--- Given information ---

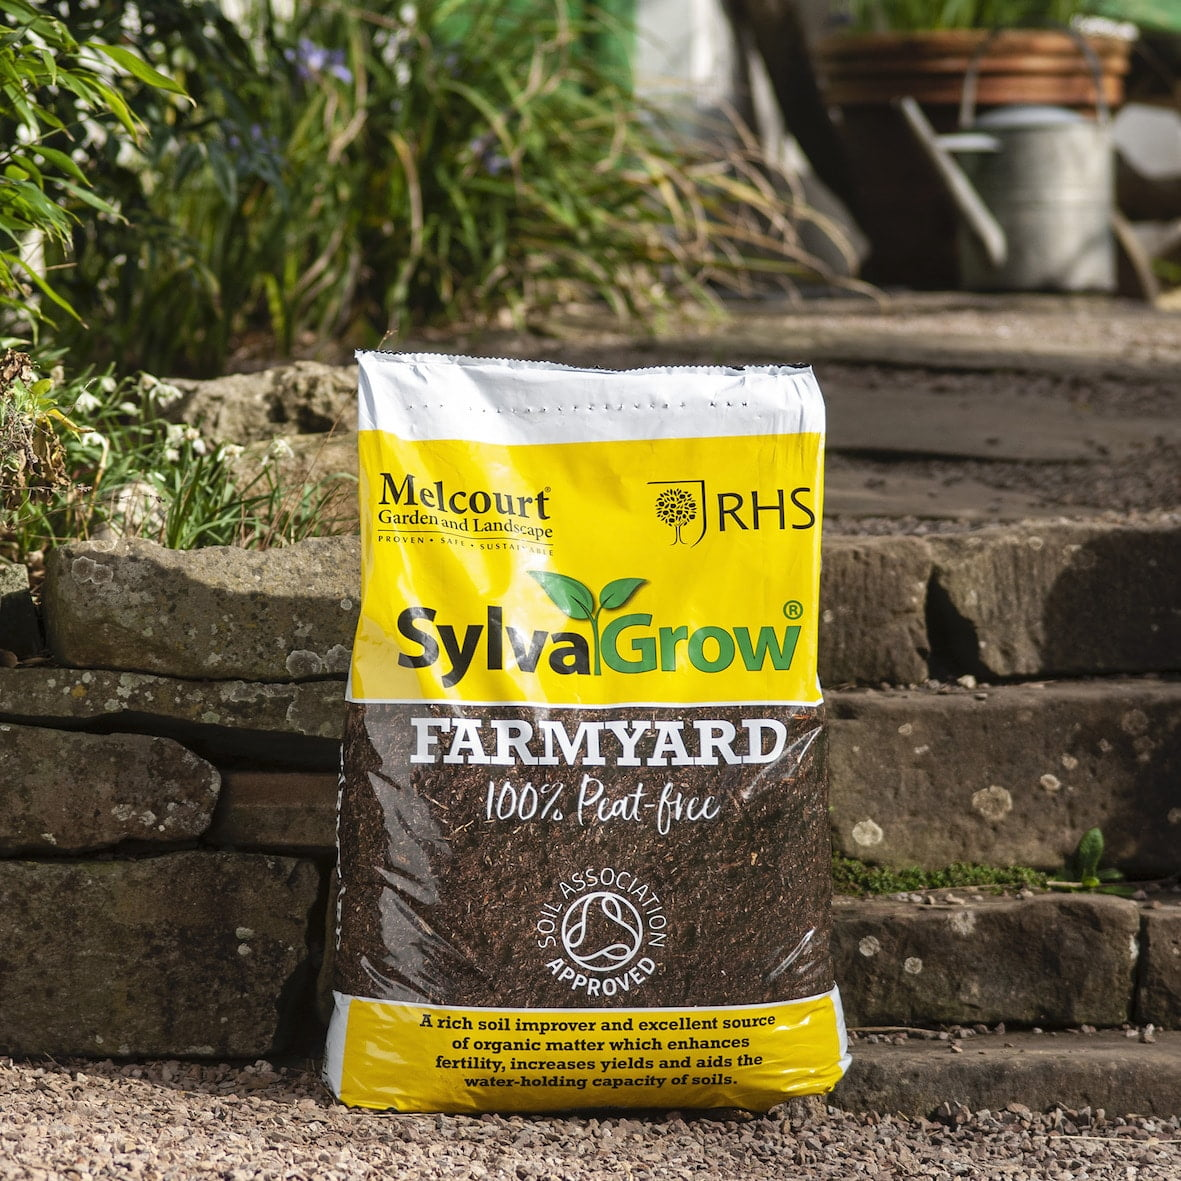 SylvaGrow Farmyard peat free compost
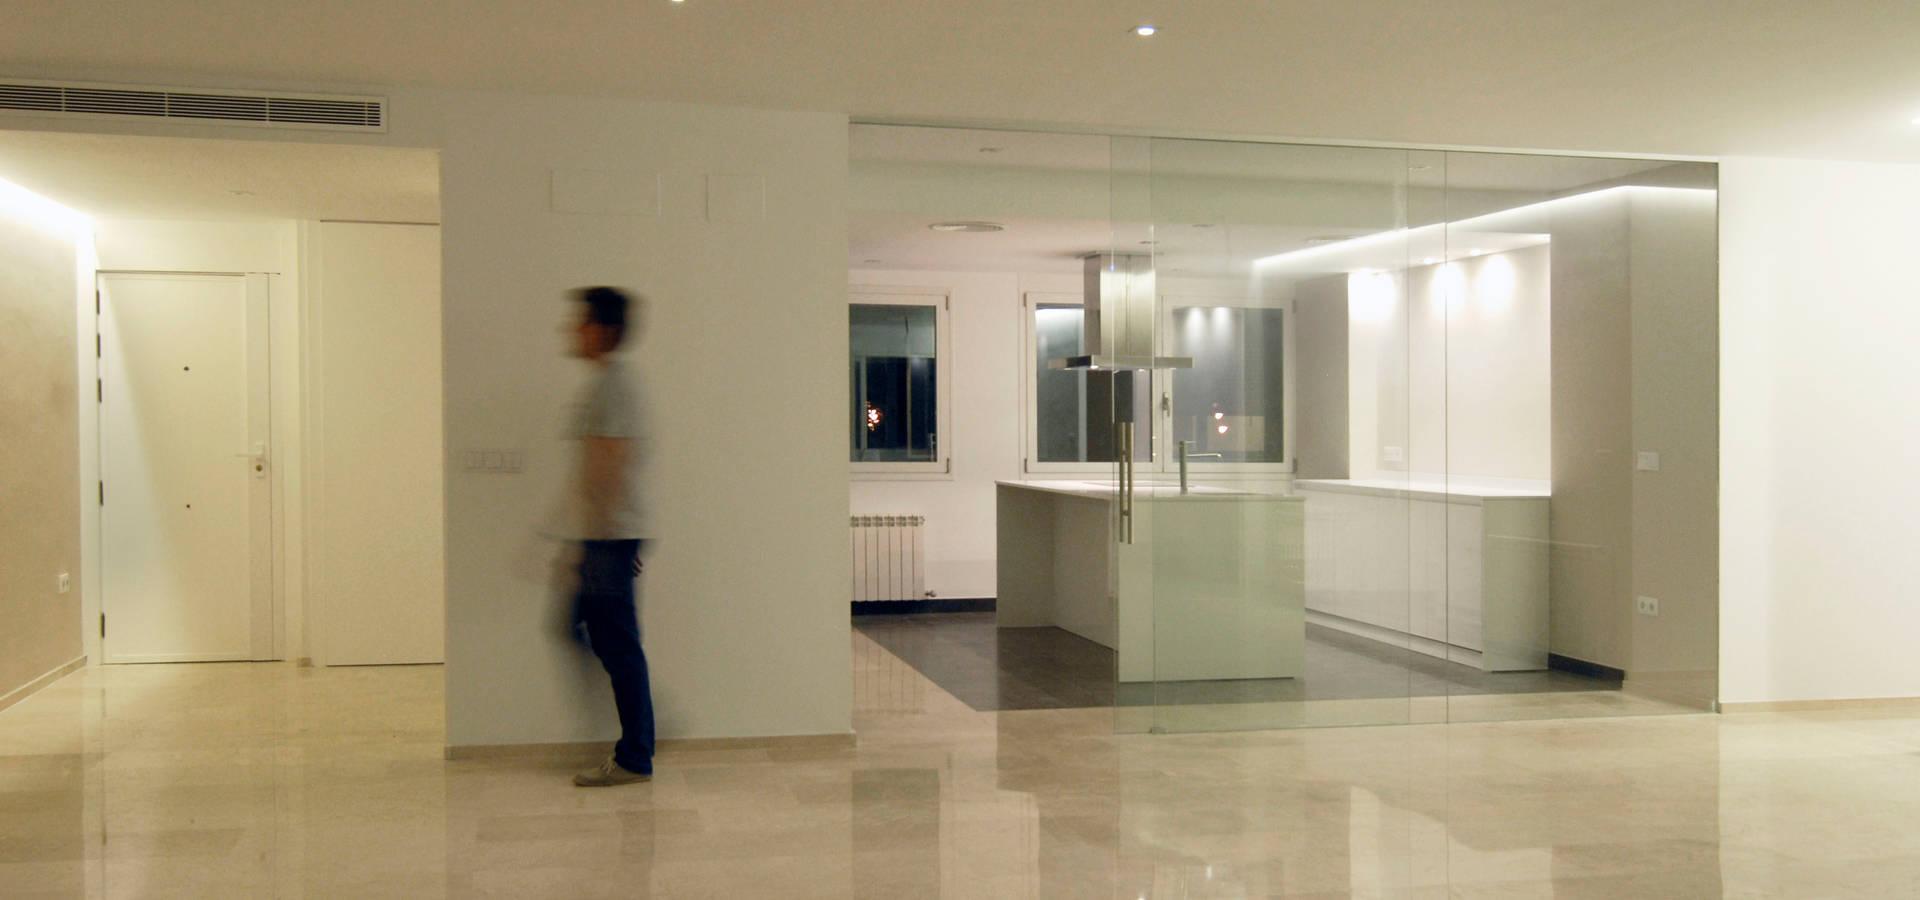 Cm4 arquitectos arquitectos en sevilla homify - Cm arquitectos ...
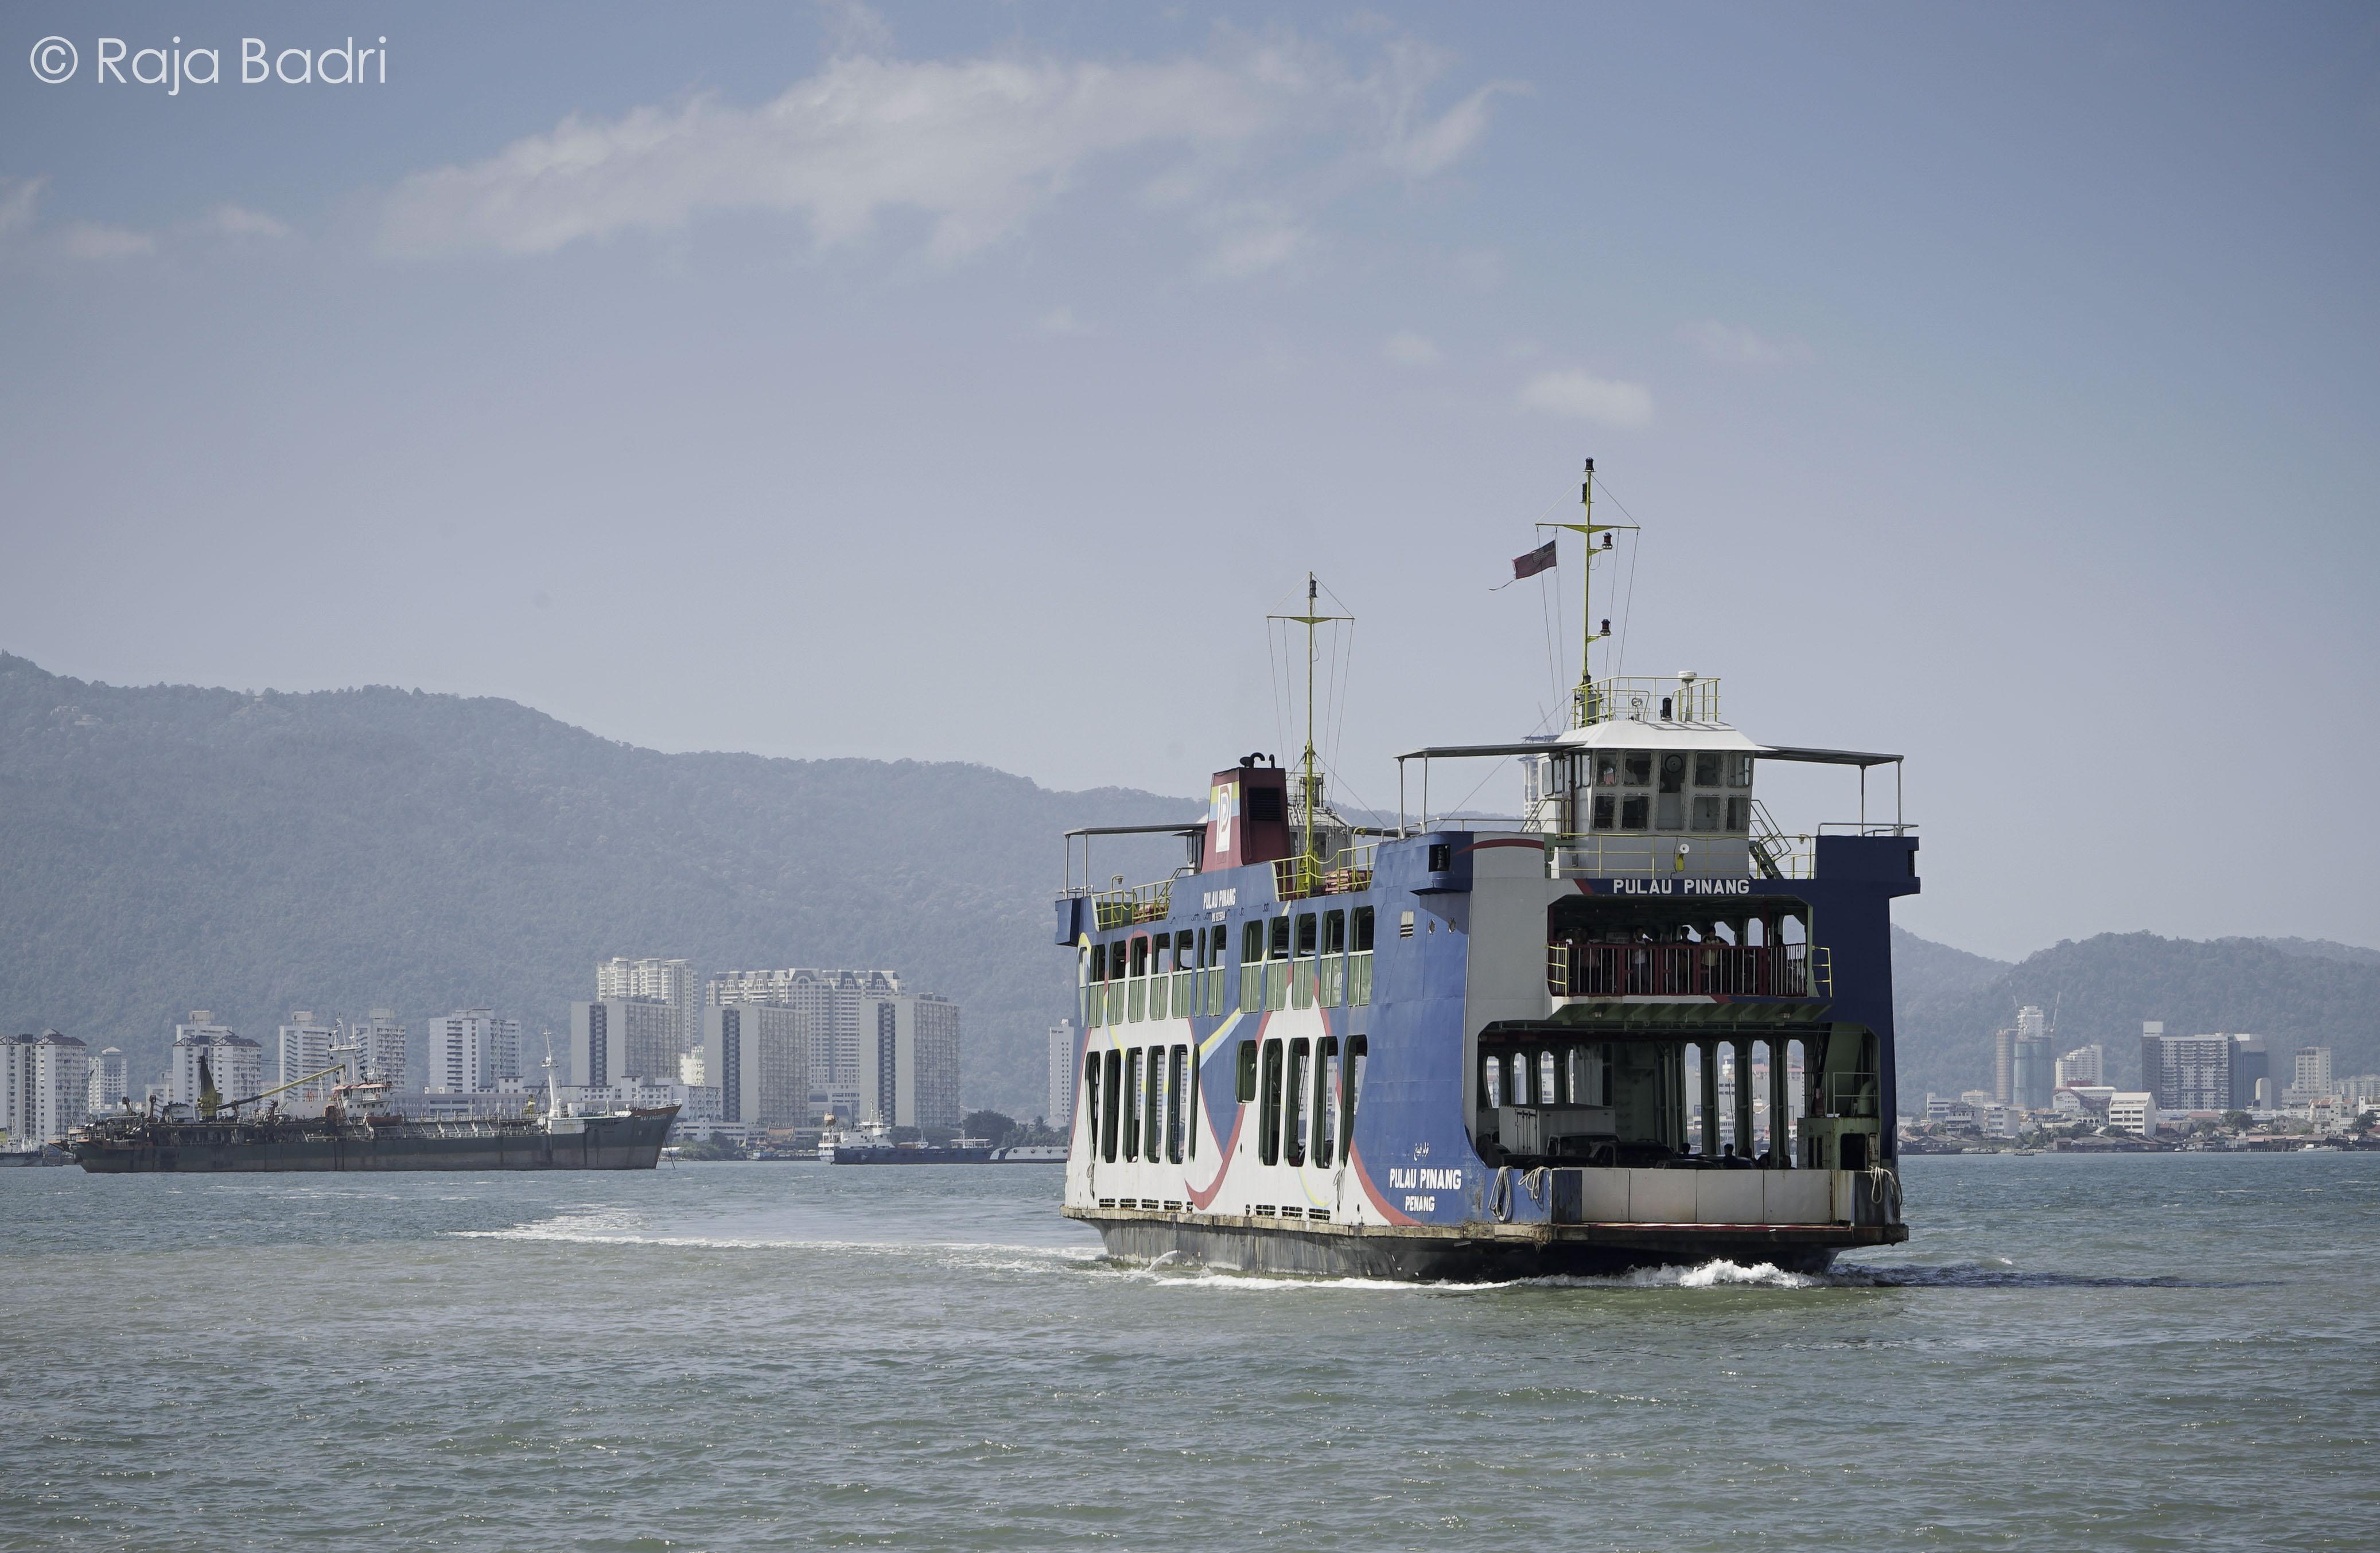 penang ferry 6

--- Problem description ---
Beginning at the line that contains "Cm4 arquitectos arquitectos", transcribe it and every later line through the last line of the data above, exactly, and drop the pictures.

--- Answer section ---
 Cm4 arquitectos arquitectos en sevilla homify - Cm arquitectos ...
 penang ferry 6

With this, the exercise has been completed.